Which settles it. I’ll have to stand in front of her the entire time.
The deep blue of the dress brings out the blue in her eyes, and the diamonds sewn into the bodice sparkle in the light.
Which draws the eye straight to her breasts.
She’s wearing the dish towel. I don’t care what she says.
“Acceptable?” she asks, and bends to look down at her full skirt. I want to tell her to straighten up and never bend down again, but my mouth has unaccountably gone dry.
Acceptable? She’s breathtaking.
I nod, but when she slides her skirt up her leg to strap her knife sheath to her thigh, I turn around and begin rummaging aimlessly through the papers on the kitchen table.
“How am I going to reach this in a fight?” she asks, and I make the incredibly foolish mistake of turning around while her pale leg is still completely exposed.

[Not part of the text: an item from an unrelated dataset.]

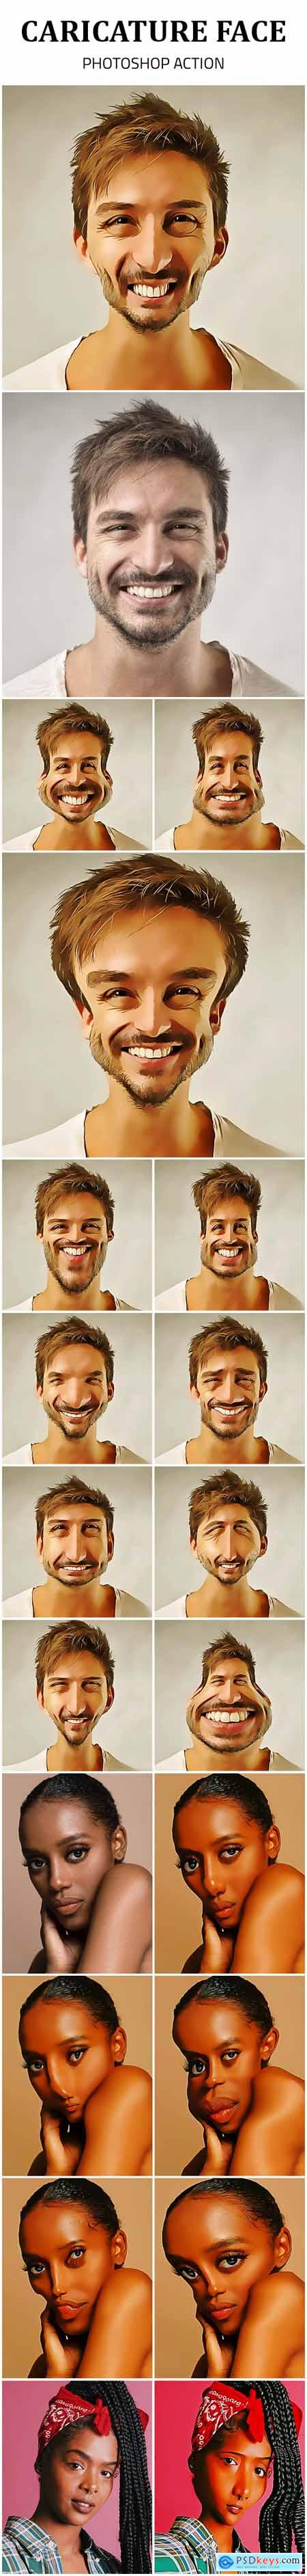 Caricature Face Photoshop Action 25590885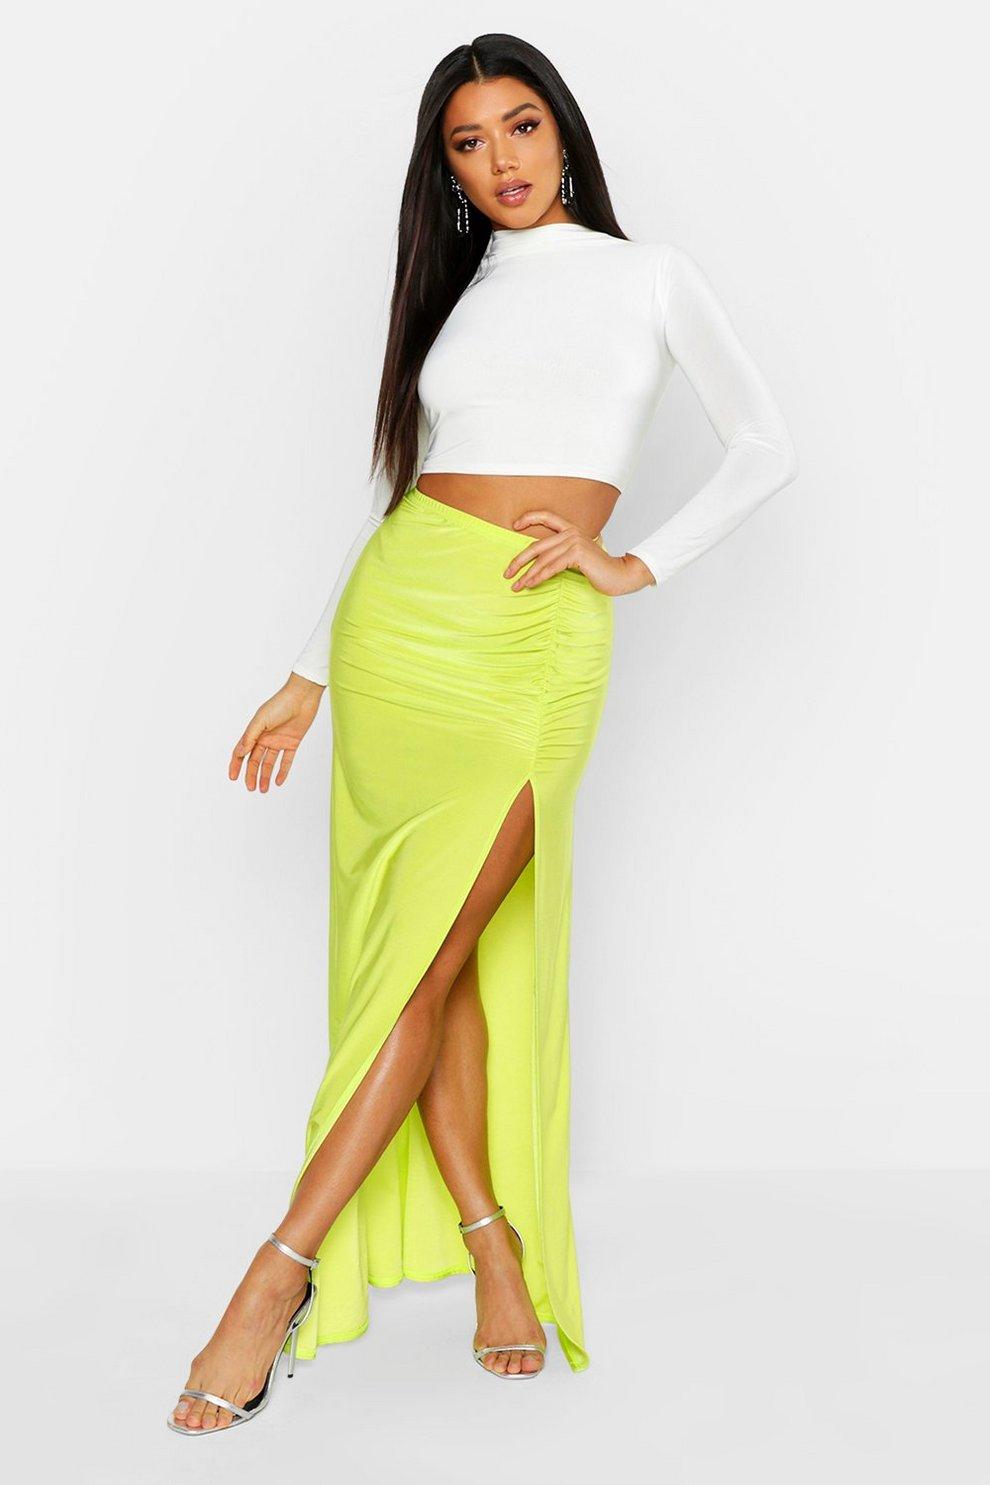 a5b9a21d86 Green Split Maxi Skirt – DACC

I turn back around and address my comment to the table in front of me. “Make a slit in the silk and that stiff, crinkly stuff beneath it. You can hide the slit with your arm while you’re on the stage, but you’ll be able to reach your weapon if you need it.”
I wait until I’m sure she’s had enough time to cover herself again before turning. Her leg isn’t showing anymore, but she’s bending over her travel bag, packing a box of flint.
What kind of man looks at his ward like she’s a temptation? Especially on the heels of such trauma and grief?
I instruct myself to regain my common sense and focus on getting ready for the day. Closing my eyes helps. First order of business: Make sure Rachel isn’t in danger of going into a homicidal rage at the wrong person again.
“Be sure you know if the person you’re drawing on deserves what you’re about to give him,” I tell her. I have to trust that she’s found enough of her equilibrium to handle herself. There’s no way I’m sending her into Center Square today without a weapon.
Second order of business: Make sure we have everything we need. “Let’s do a last bag check,” I say, and realize I can’t do my end of it with my eyes shut.
Which isn’t a problem because I can just look at my bag. I don’t have to look at her and see her double-check the contents of her pack—fuel, clothing, Switch, dagger, and a bow with arrows. I don’t have to see the way the sunlight plays with the red-gold strands of hair she’s left unbound.
She ought to look girlish with her hair down below her shoulders. Instead, the wild strands make her look both fierce and feminine, a combination I’m confident every single man signed up to Claim today will find irresistible.